Data Types: `char` | `string` | `logical`

## Output Arguments

expand all

Half of the quantile regression error, returned as a numeric scalar or `T`-by-`numel(tau)` matrix. `tau` is the value of `Quantile`.

`T` depends on the values of `Mode`, `Trees`, `UseInstanceForTree`, and `Quantile`. Suppose that you specify `'Trees',trees` and you use the default value of `'UseInstanceForTree'`.

• For `'Mode','cumulative'`, `err` is a `numel(trees)`-by-`numel(tau)` numeric matrix. `err(j,k)` is the `tau(k)` cumulative quantile regression error using the learners in `Mdl.Trees(trees(1:j))`.

• For `'Mode','ensemble'`, `err` is a `1`-by-`numel(tau)` numeric vector. `err(k)` is the `tau(k)` cumulative quantile regression error using the learners in `Mdl.Trees(trees)`.

• For `'Mode','individual'`, `err` is a `numel(trees)`-by-`numel(tau)` numeric matrix. `err(j,k)` is the `tau(k)` quantile regression error using the learner in `Mdl.Trees(trees(j))`.

## Examples

expand all

Load the `carsmall` data set. Consider a model that predicts the fuel economy of a car given its engine displacement, weight, and number of cylinders.
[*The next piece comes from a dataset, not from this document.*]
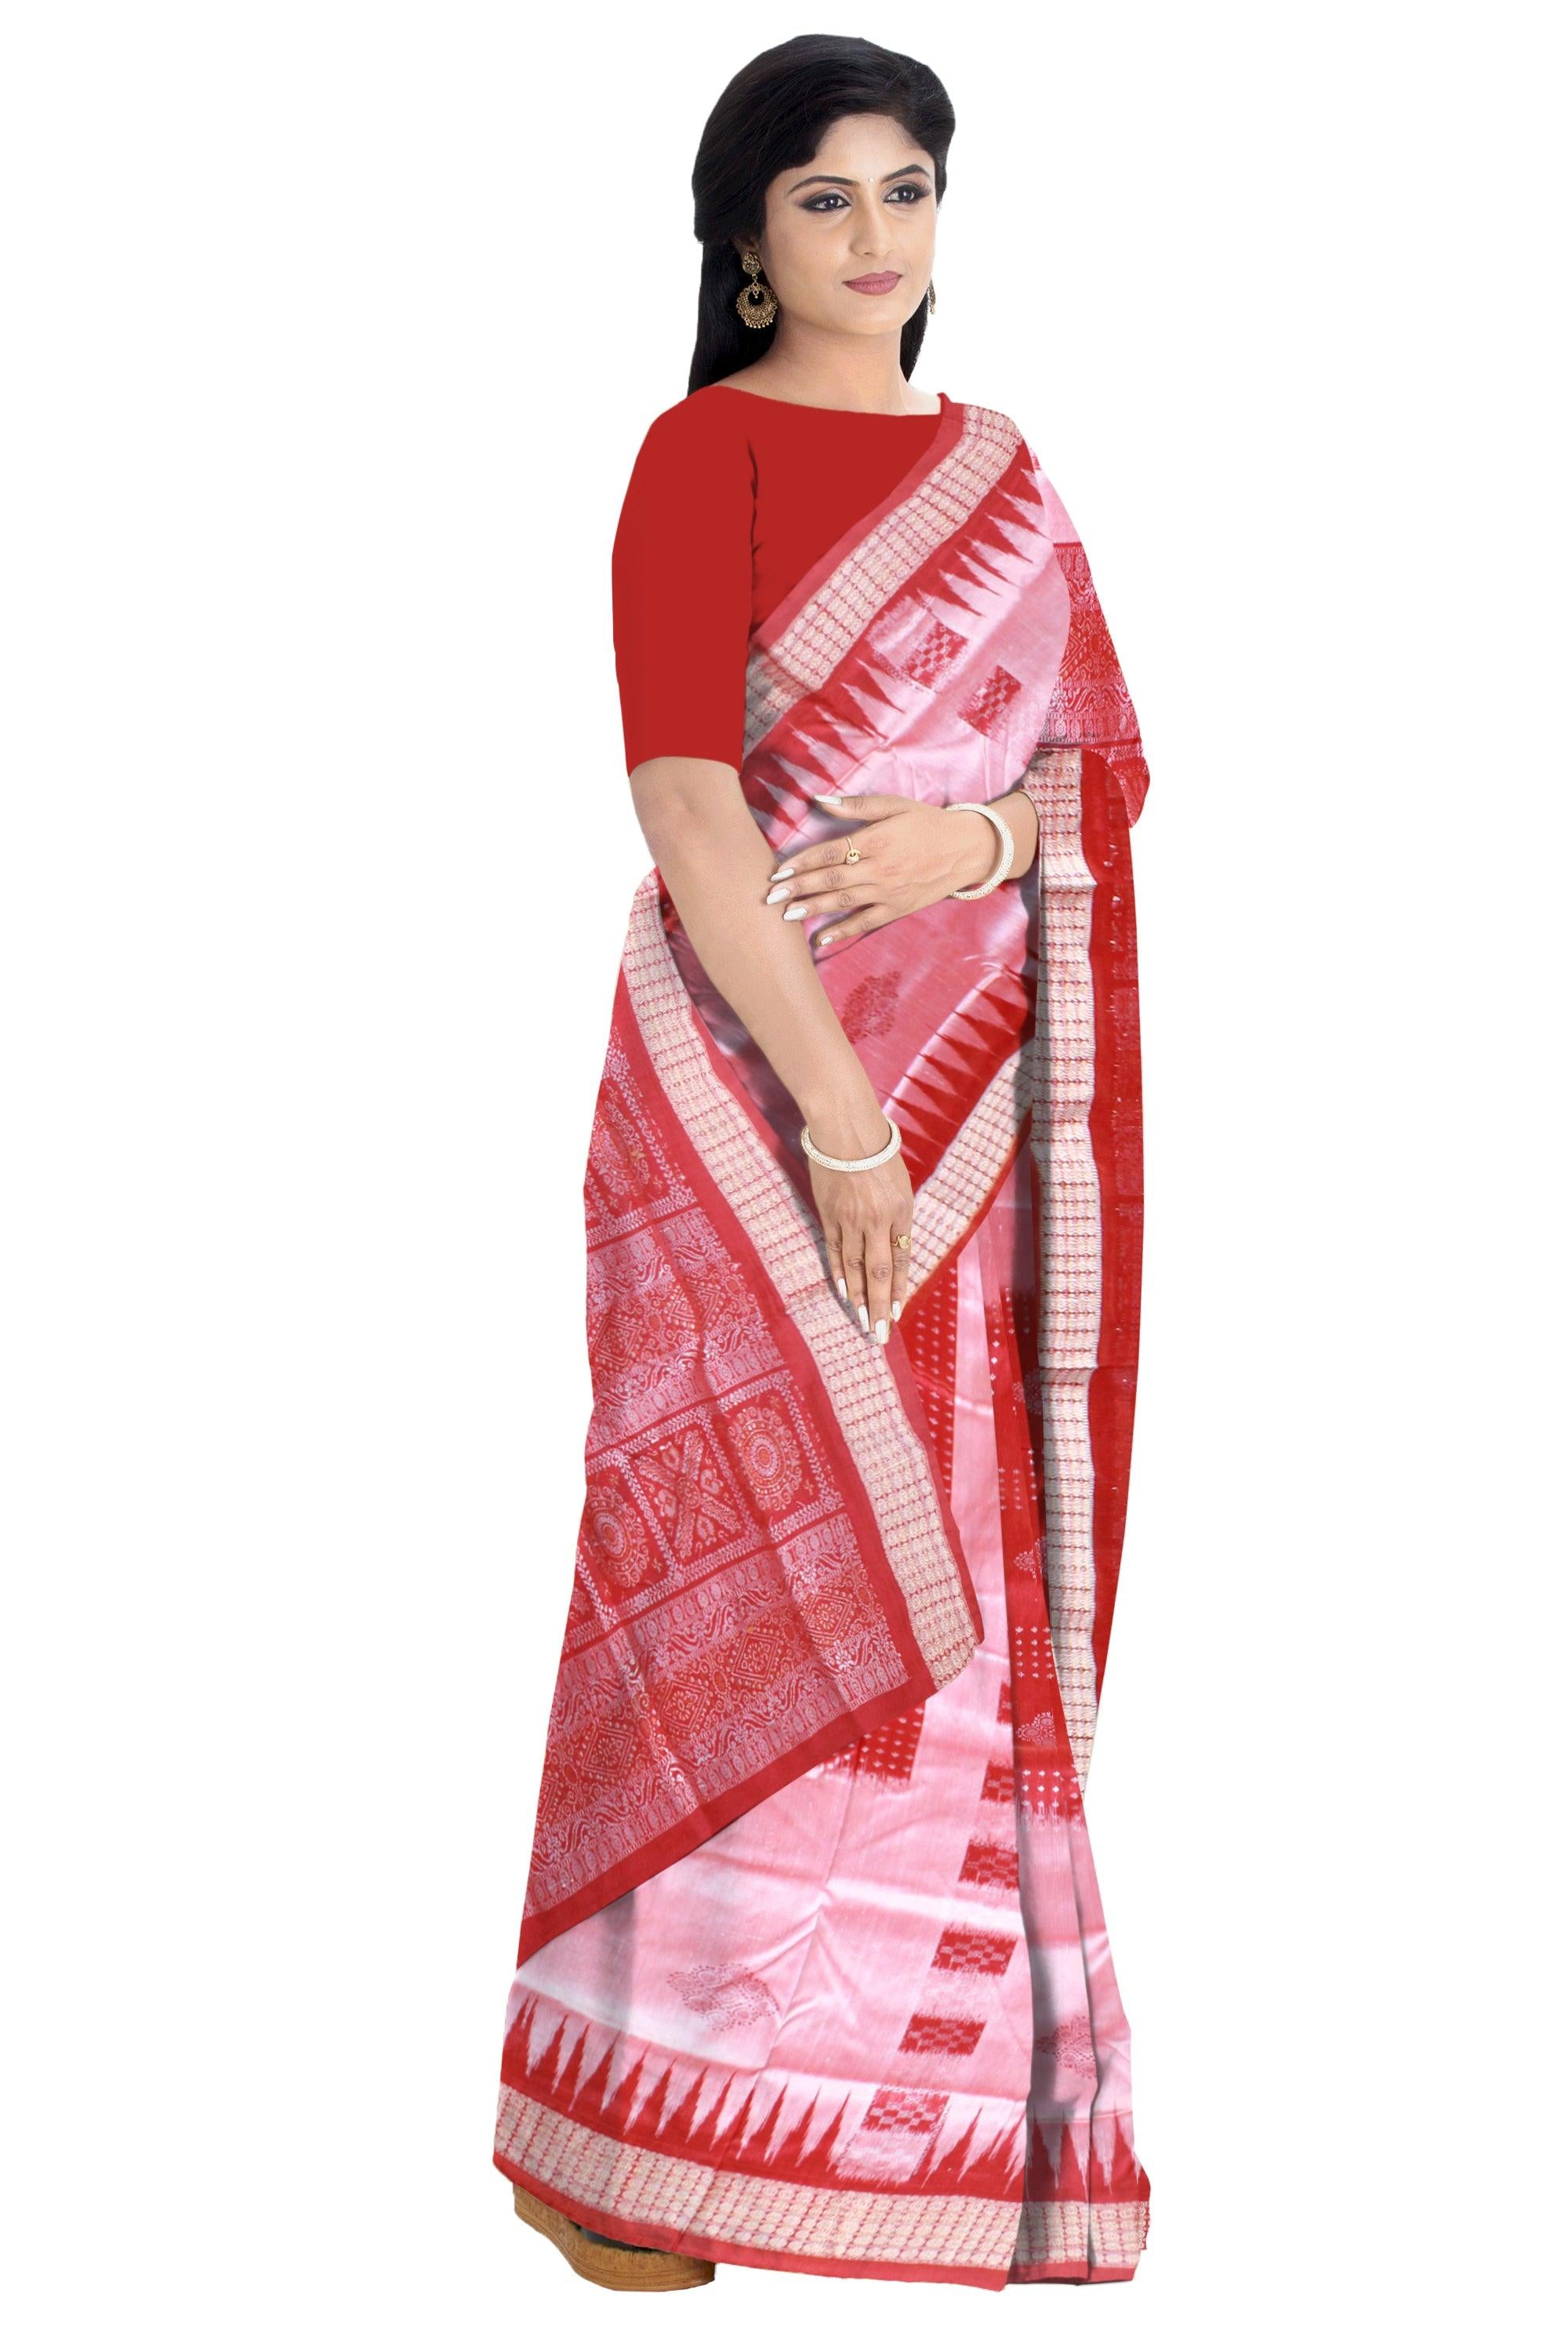 NEW COLLECTION CHANDUA PATA SAREE IS RED AND LIGHT SILVER COLOR BASE, WITH BLOUSE PIECE. - Koshali Arts & Crafts Enterprise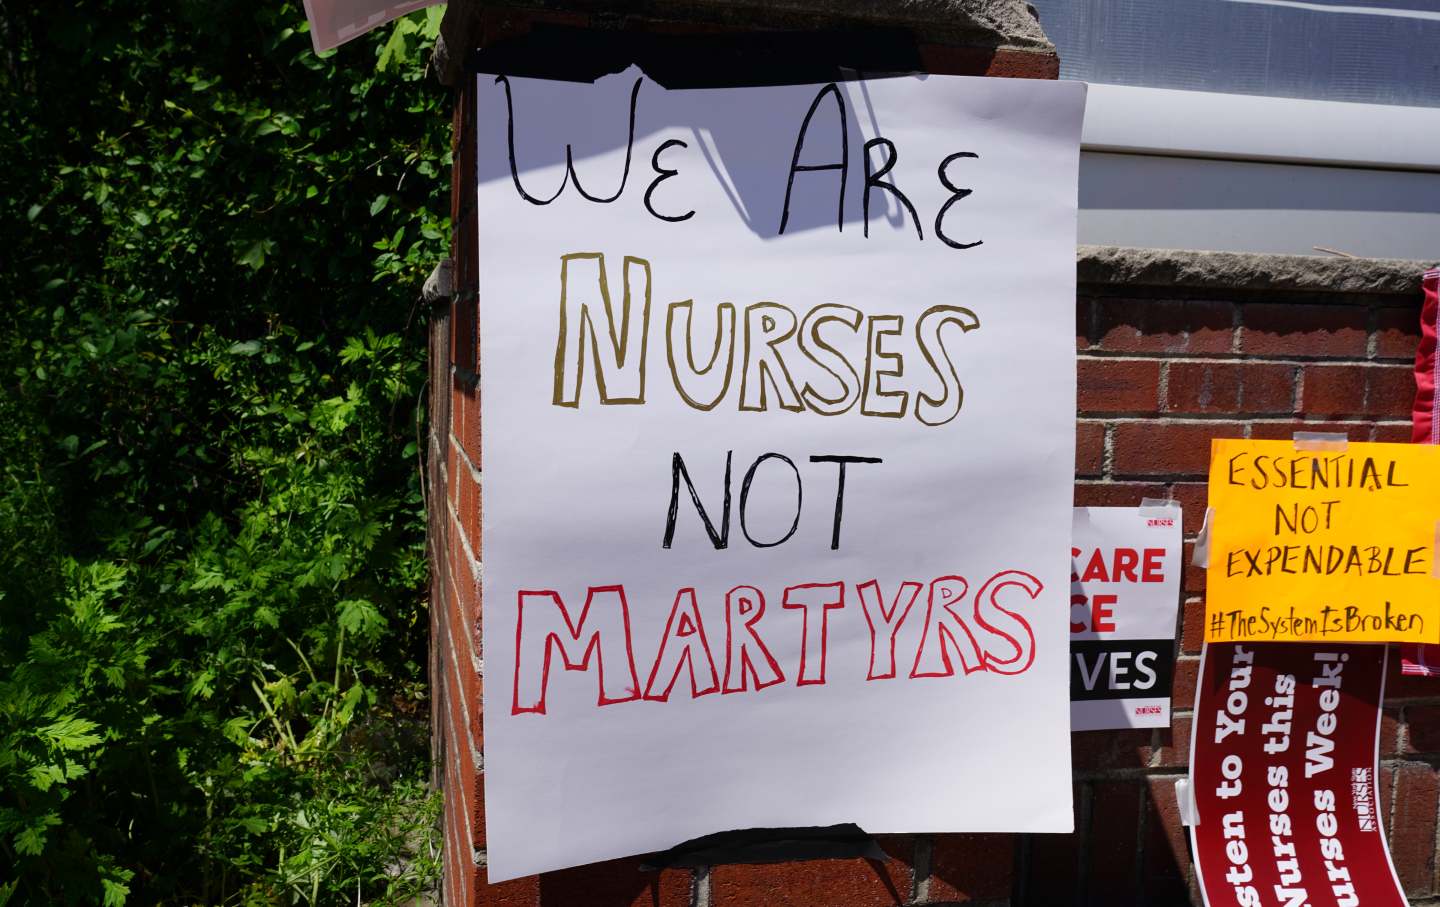 One Hospital System’s Response to Covid-19? Union-Busting.

Consider `Cylinders` a categorical variable.

```load carsmall Cylinders = categorical(Cylinders); X = table(Displacement,Weight,Cylinders,MPG);```

Train an ensemble of bagged regression trees using the entire data set. Specify 100 weak learners.

```rng(1); % For reproducibility Mdl = TreeBagger(100,X,'MPG','Method','regression');```

`Mdl` is a `TreeBagger` ensemble.

Perform quantile regression, and estimate the MAD of the entire ensemble using the predicted conditional medians.

`err = quantileError(Mdl,X)`
```err = 1.2339 ```

Because `X` is a table containing the response and commensurate variable names, you do not have to specify the response variable name or data. However, you can specify the response using this syntax.

`err = quantileError(Mdl,X,'MPG')`
```err = 1.2339 ```

Load the `carsmall` data set. Consider a model that predicts the fuel economy of a car given its engine displacement, weight, and number of cylinders.

```load carsmall X = table(Displacement,Weight,Cylinders,MPG);```

Randomly split the data into two sets: 75% training and 25% testing. Extract the subset indices.

```rng(1); % For reproducibility cvp = cvpartition(size(X,1),'Holdout',0.25); idxTrn = training(cvp); idxTest = test(cvp);```

Train an ensemble of bagged regression trees using the training set. Specify 250 weak learners.

`Mdl = TreeBagger(250,X(idxTrn,:),'MPG','Method','regression');`

Estimate the cumulative 0.25, 0.5, and 0.75 quantile regression errors for the test set. Pass the predictor data in as a numeric matrix, and the response data in as a vector.

```err = quantileError(Mdl,X{idxTest,1:3},MPG(idxTest),'Quantile',[0.25 0.5 0.75],... 'Mode','cumulative');```

`err` is a 250-by-3 matrix of cumulative quantile regression errors. Columns correspond to quantile probabilities and rows correspond to trees in the ensemble. The errors are cumulative, so they incorporate aggregated predictions from previous trees. Although, `Mdl` was trained using a table, if all predictor variables in the table are numeric, then you can supply a matrix of predictor data instead.

Plot the cumulative quantile errors on the same plot.

```figure; plot(err); legend('0.25 quantile error','0.5 quantile error','0.75 quantile error'); ylabel('Quantile error'); xlabel('Tree index'); title('Cumulative Quantile Regression Error')```

Training using about 60 trees appears to be enough for the first two quartiles, but the third quartile requires about 150 trees.

expand all

## Tips

• To tune the number of trees in the ensemble, set `'Mode','cumulative'` and plot the quantile regression errors with respect to tree indices. The maximal number of required trees is the tree index where the quantile regression error appears to level off.

• To investigate the performance of a model when the training sample is small, use `oobQuantileError` instead.

## References

[1] Breiman, L. Random Forests. Machine Learning 45, pp. 5–32, 2001.

[2] Meinshausen, N. “Quantile Regression Forests.” Journal of Machine Learning Research, Vol. 7, 2006, pp. 983–999.